The royal palace itself is remarkably undamaged, with old trees in the courtyards, marble floors, wooden furniture and stags’ heads on the walls. There’s even a small painting of the Doge’s palace in one of the anterooms. Zahir Shah is tieless and modestly dressed, the picture of a nice old-age pensioner, and remarkably agile for his 90 years. Imagine the emotion when he first saw Afghanistan’s jagged mountains and green oases, flying back here after three decades of exile. Reminiscing about the distant past, he recalled that of all his state visits the one to Britain was the most enjoyable. At their first meeting, the Queen warned him there would be hundreds of his compatriots waiting outside Buckingham Palace. And indeed, on the way to Clarence House he waved to hundreds of people holding Afghan hounds on leashes.
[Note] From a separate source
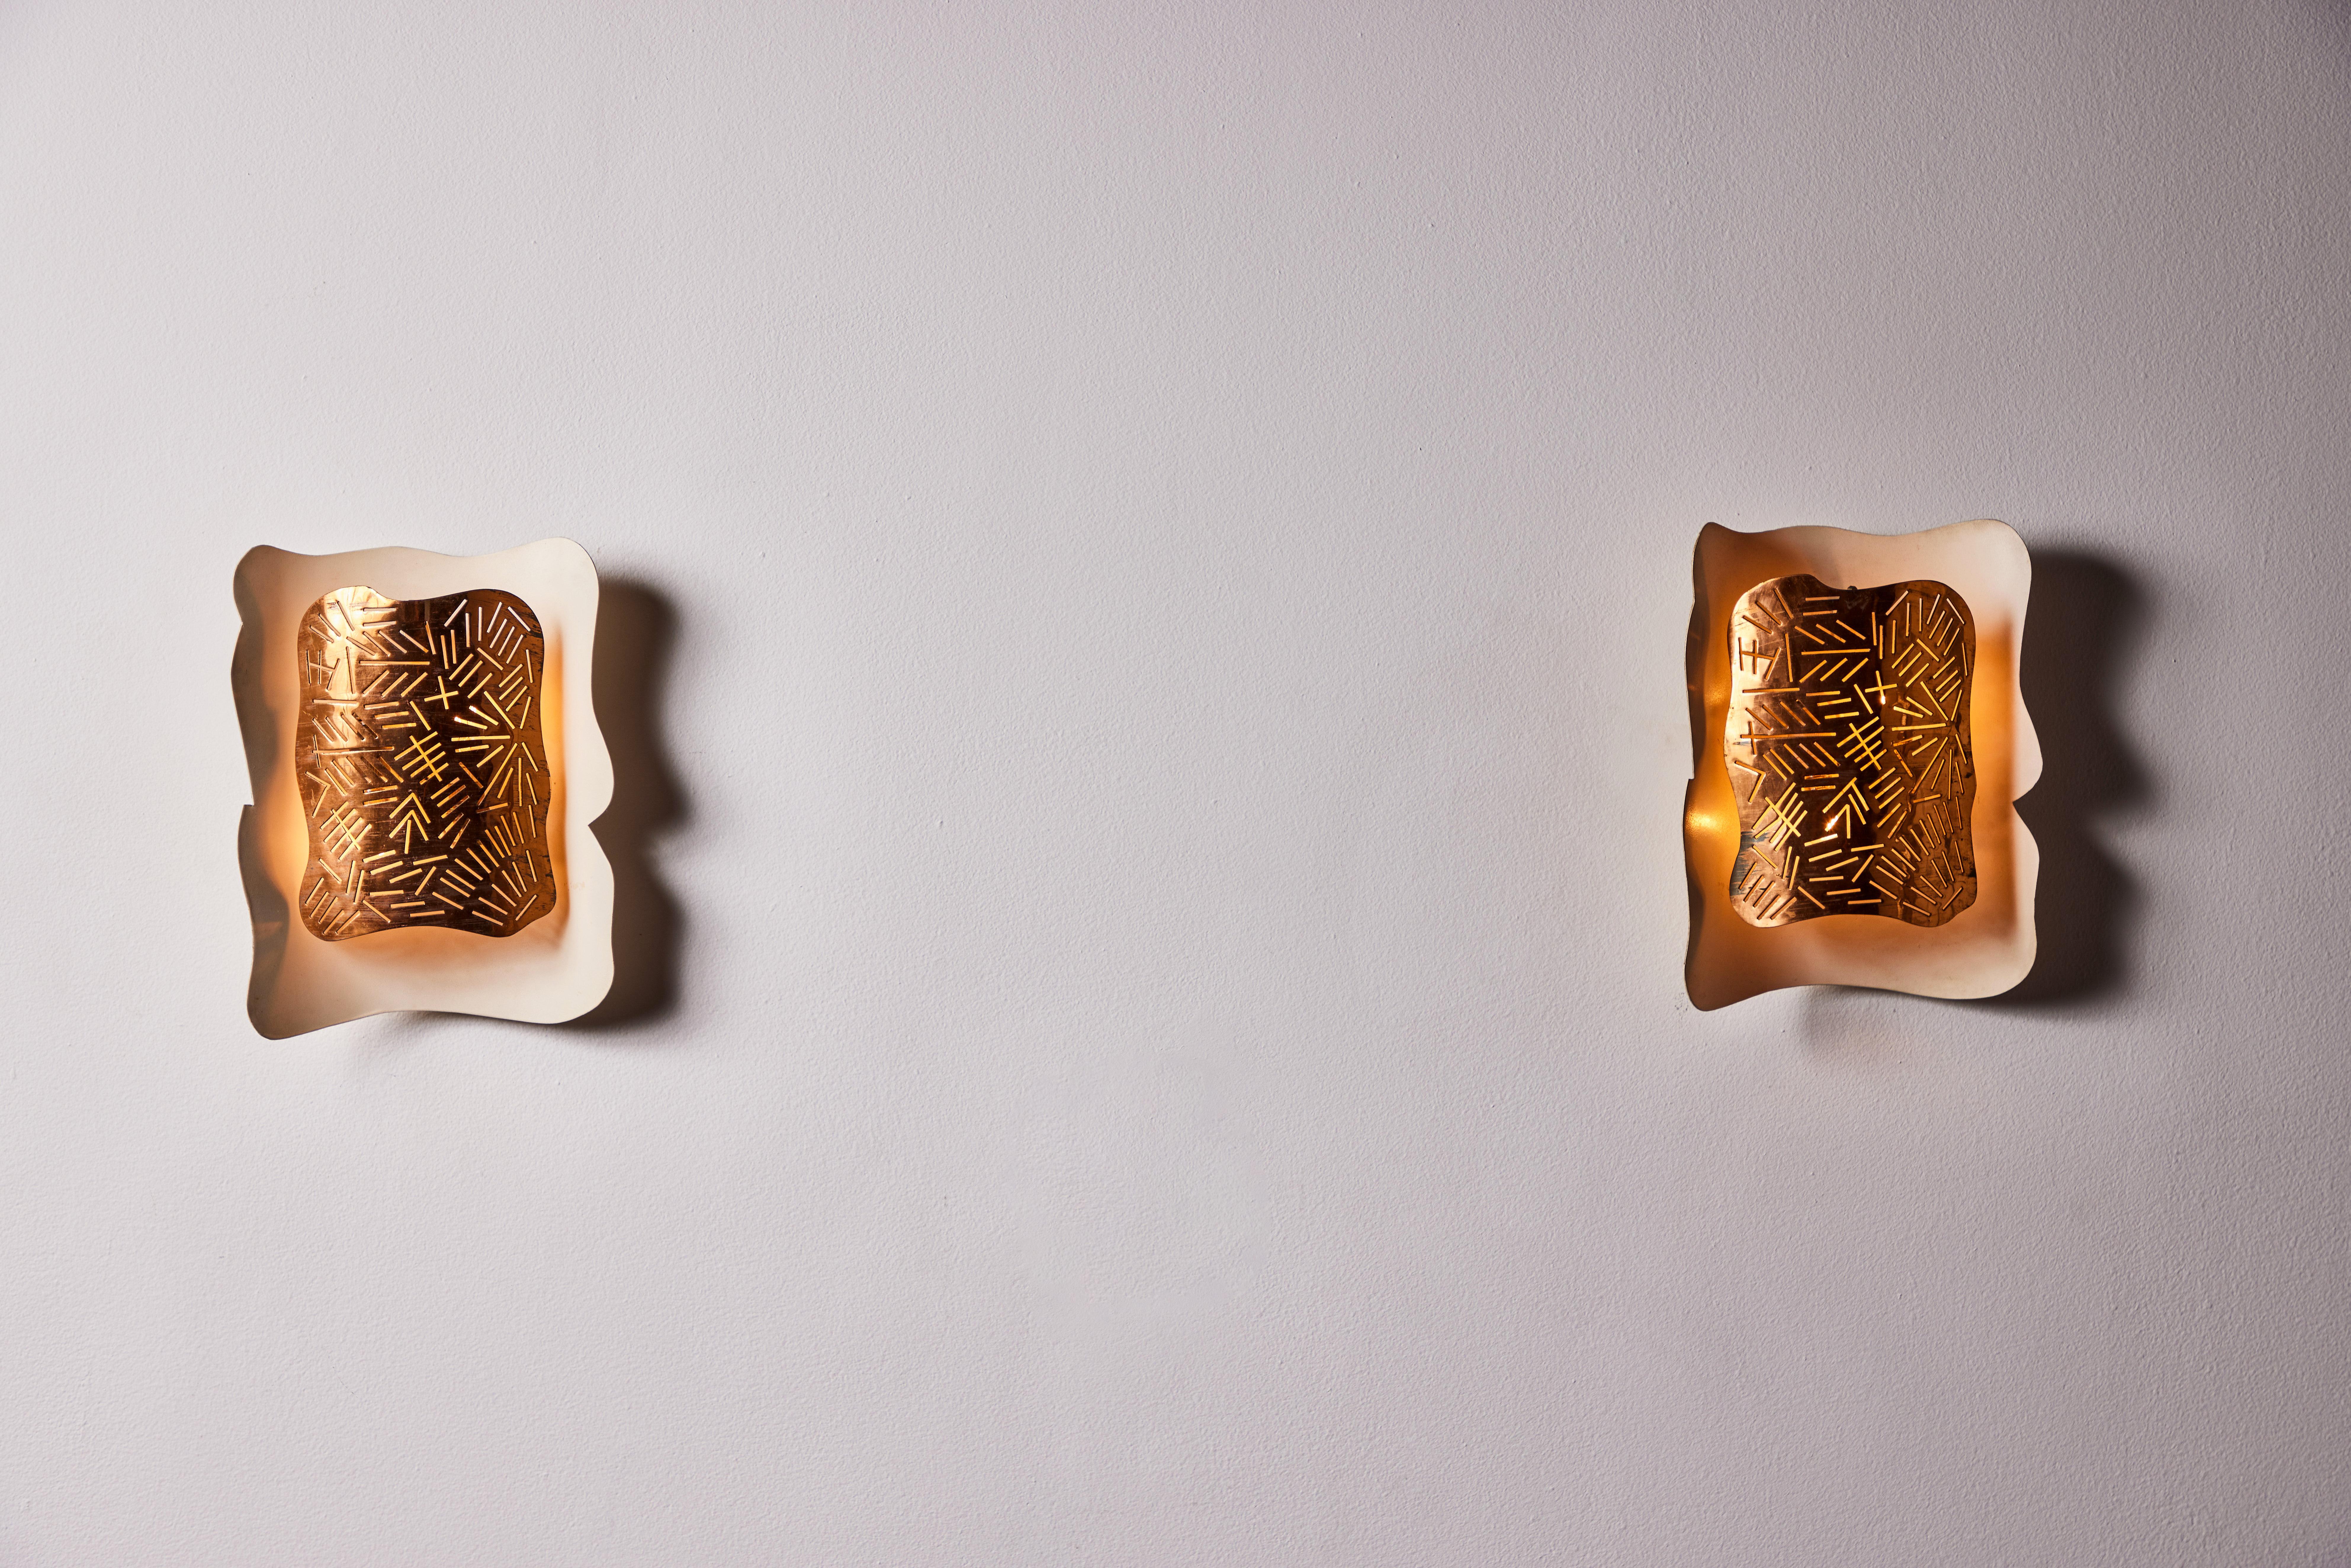 Pair of futurist sconces. Designed and manufactured in Italy, circa 1940s. Copper, enameled aluminum. Rewired for U.S. standards, no US backplate.  We recommend 2 E12 25w maximum bulbs per fixture. Bulbs provided as a onetime courtesy.

The king’s very presence here in Kabul is surely a lucky portent. Constitutional monarchy would be far and away the most suitable form of government for Afghanistan’s conservative society. In an ethnically divided society, the monarch can be a symbol of national unity, whereas the presidential elections, now scheduled for October, are bound to stir the divisive partisan passions which this country has in overabundance. Zahir Shah did not press to be restored to the throne, and seems satisfied to play the role of godfather to the new regime. Although his weakness in the 1970s arguably allowed Soviet influences into Afghanistan and led to the 1979 invasion, it is likely he will be remembered as the only Afghan ruler in recent memory who did not murder Afghans en masse. Given how he began his reign — his father was stabbed to death in front of him — it is remarkable that he may be the first Afghan ruler for centuries with a chance to die from natural causes.
One of his predecessors, Babur — founder of the Mogul empire in India — still lies under a simple marble slab up on one of the hills that jut above Kabul’s high plateau. When I last visited, in 1993, the Babur garden was on the three-way frontline in what was then a civil war between Ahmad Shah Masud’s Panjshiris, Gulbuddin Hekmatyar’s murderous militia, and the boy army of Shia Hazaras. Tanks stood in the shaded lanes and solders with machineguns milled about, although the park was essentially intact. The mass of ancient old trees was so thick, in fact, that I missed a Soviet-era swimming pool built not a hundred yards from the grave. It was a shock to see the expanse of dirt now, with only the stumps of ancient trees protruding from the ground. During the civil war, someone stole the water pumps that irrigated the garden, and everything died. The doom is relieved somewhat by the sound of spades digging the ground and hammers on stone: the Aga Khan’s charitable foundation is heroically rebuilding the place. In about a hundred years, when the new trees grow thick again, the garden may be as charming as before.